The code starts by reading patterns of english.txt one-by-one, transforming lines like "_gen3t4" into {:str "_gent", :digits {4 3, 5 4}} where :digits is a hash-map mapping positions in the string to corresponding integer values. As with the previous implementation, words are pre- and postfixed by underscores and these are used in searched patterns as well.

match-pattern function takes a word and a pattern as its arguments and finds all indexes in which the pattern occurs in the word. It then accumulates the maximum observed numerical value for each "slot" (see the article of original implementation for more details). It is implemented by tail-recursing an inner anonymous function until the pattern is not found from the word anymore, at which point it returns the final value. hyphenate-word function takes the hyphen and a word, calls match-pattern to find all occurrences of patterns, finds indexes of odd values and injects hyphens on positions which don't violate the minimum syllable length of two.

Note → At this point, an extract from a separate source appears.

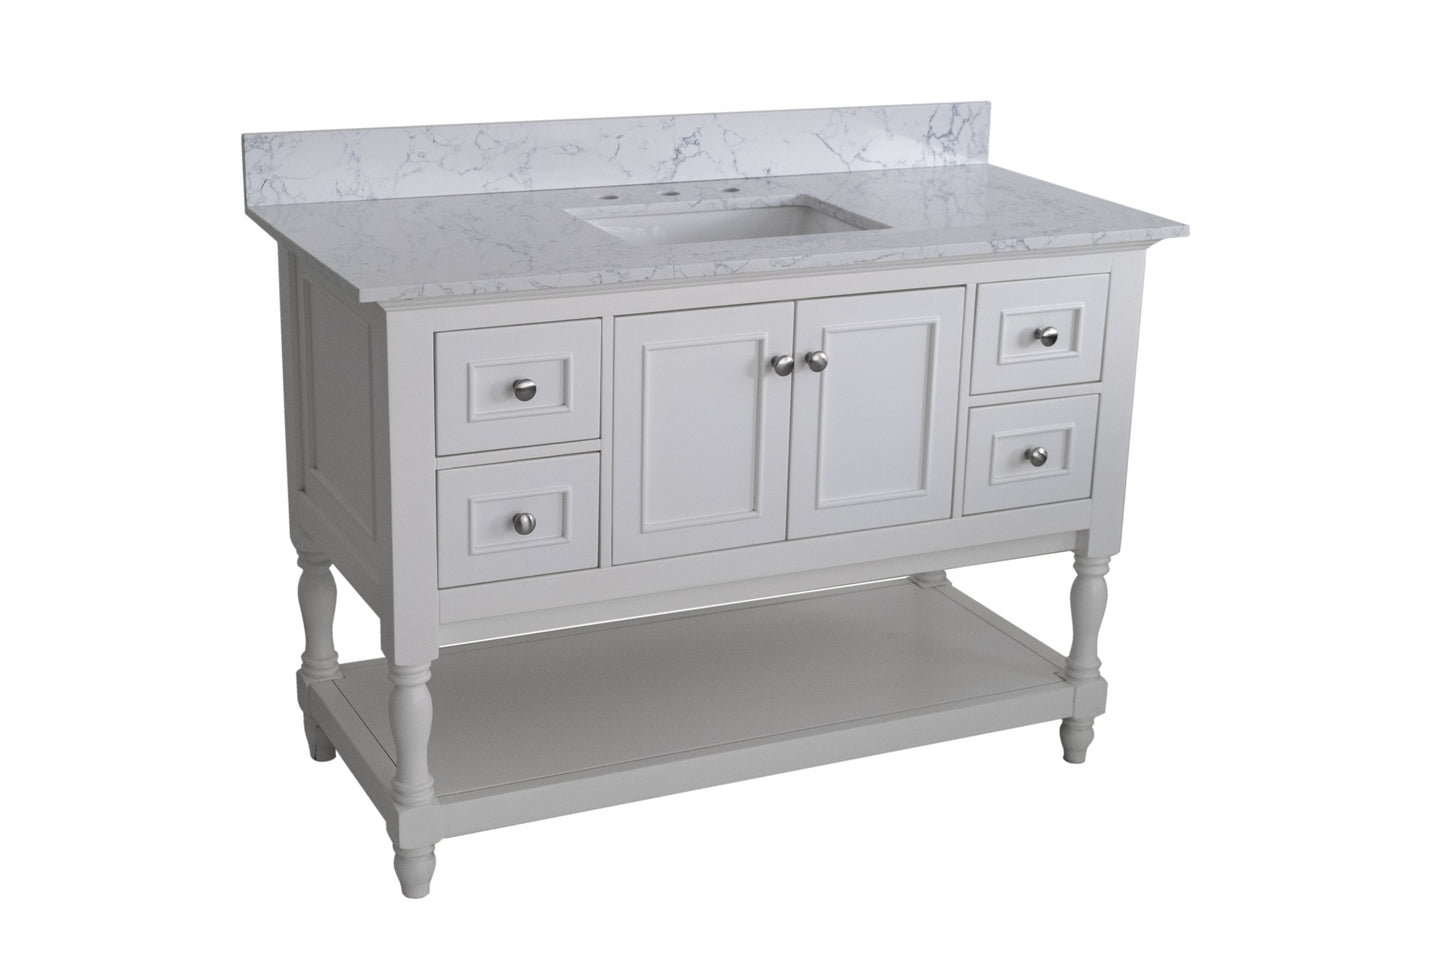 Montary 43"x 22" bathroom stone vanity top carrara jade  engineered marble color with undermount ceramic sink and 3 faucet hole with backsplash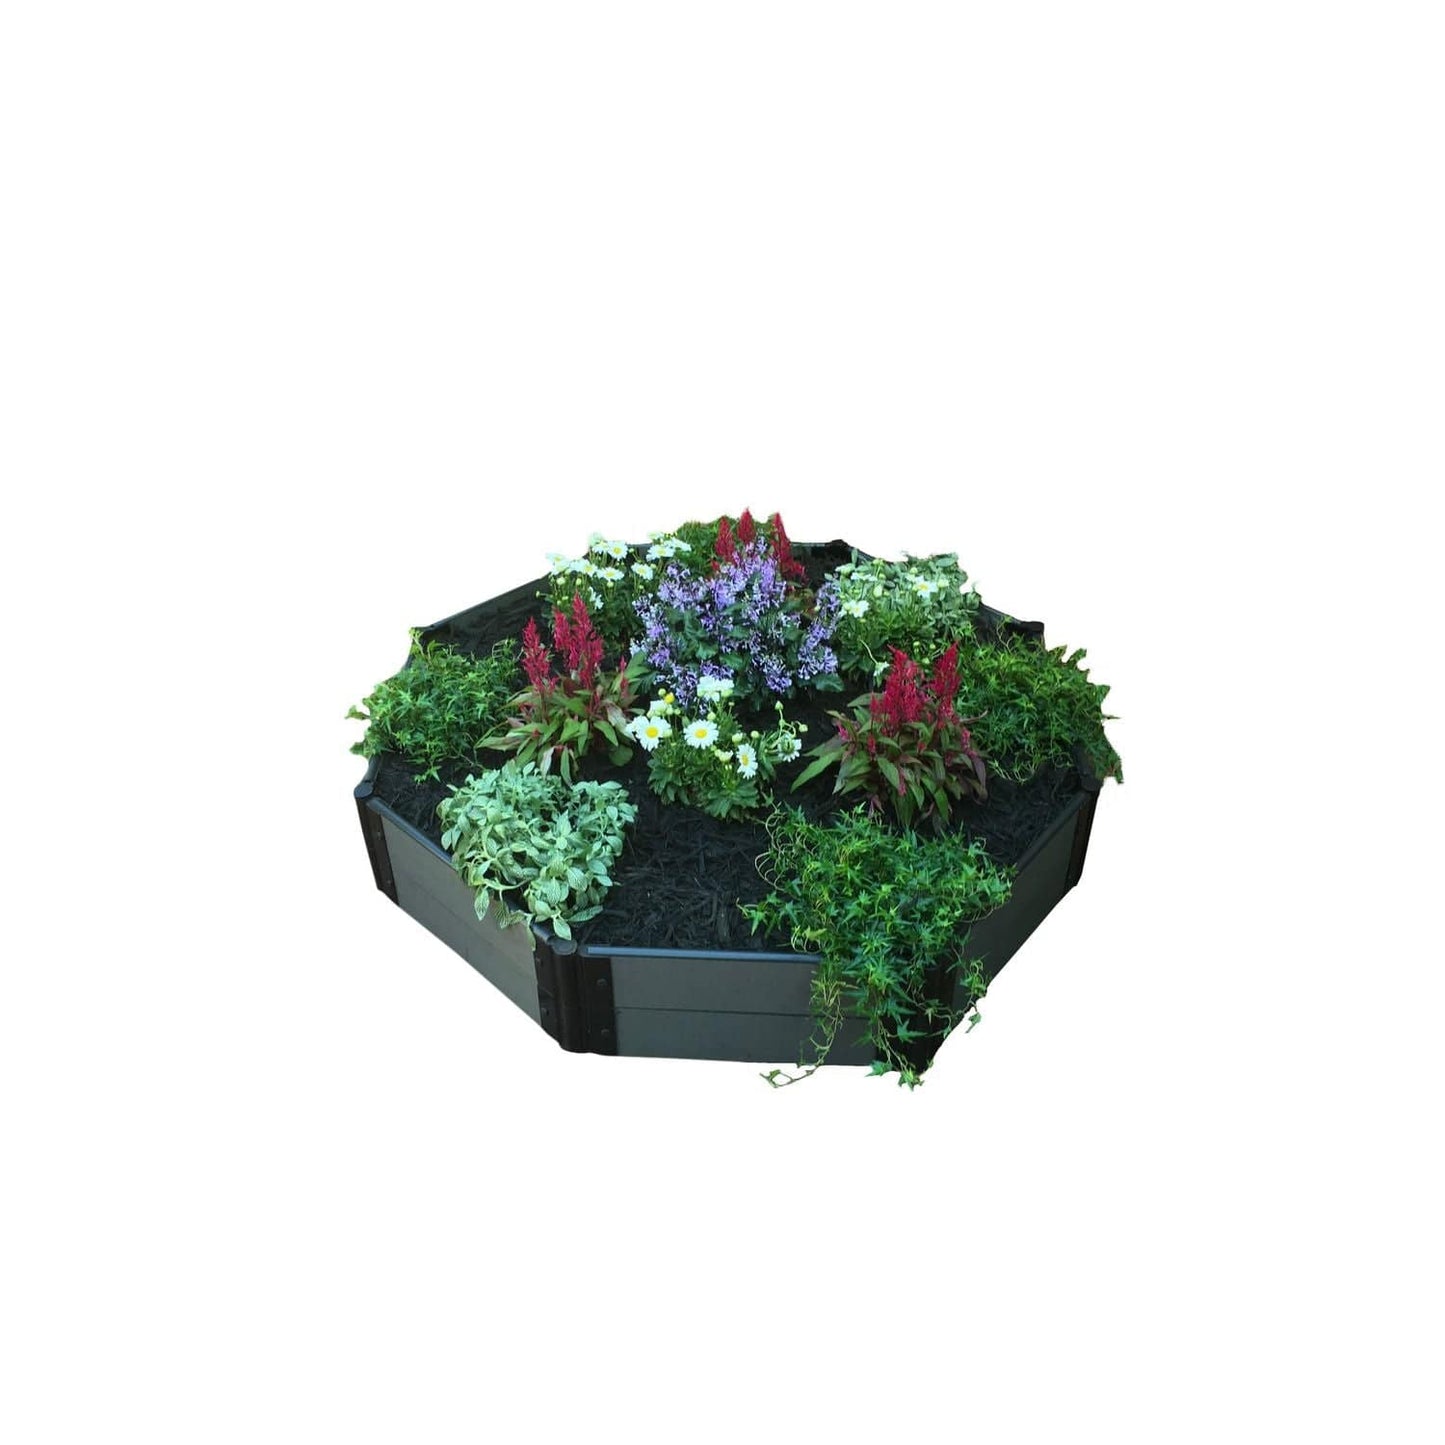 Frame It All Gardening Accessories Frame It All | Tool-Free St. John Baptistry Raised Garden Bed (Octagon) 5' X 5' X 11" - Classic Sienna - 2" Profile 200002462

To split sentences into words a pattern-chars set is defined, which contains all upper- and lowercase characters which occurred in the patterns. An other utility is the count-chars function which takes two strings as its arguments and for each character in the first string it calculates the number of its occurrences in the second string. This is used to count the cumulative number of < and > characters to know if a word is occurring inside <a html tag>or not</a>.

The ultimate function which brings all this together is the hyphenate. It starts by splitting the sentence into "partitions" (words and word-separators) by using (partial contains? pattern-chars), checks whether odd or even partition indexes are the ones which contain words to-be hyphenated, calculates the cumulative XHTML tag-balance, and merges all these into a should-hyphenate? function. Then the partitions are either hyphenated or left as-is and joined back together into a string which is returned.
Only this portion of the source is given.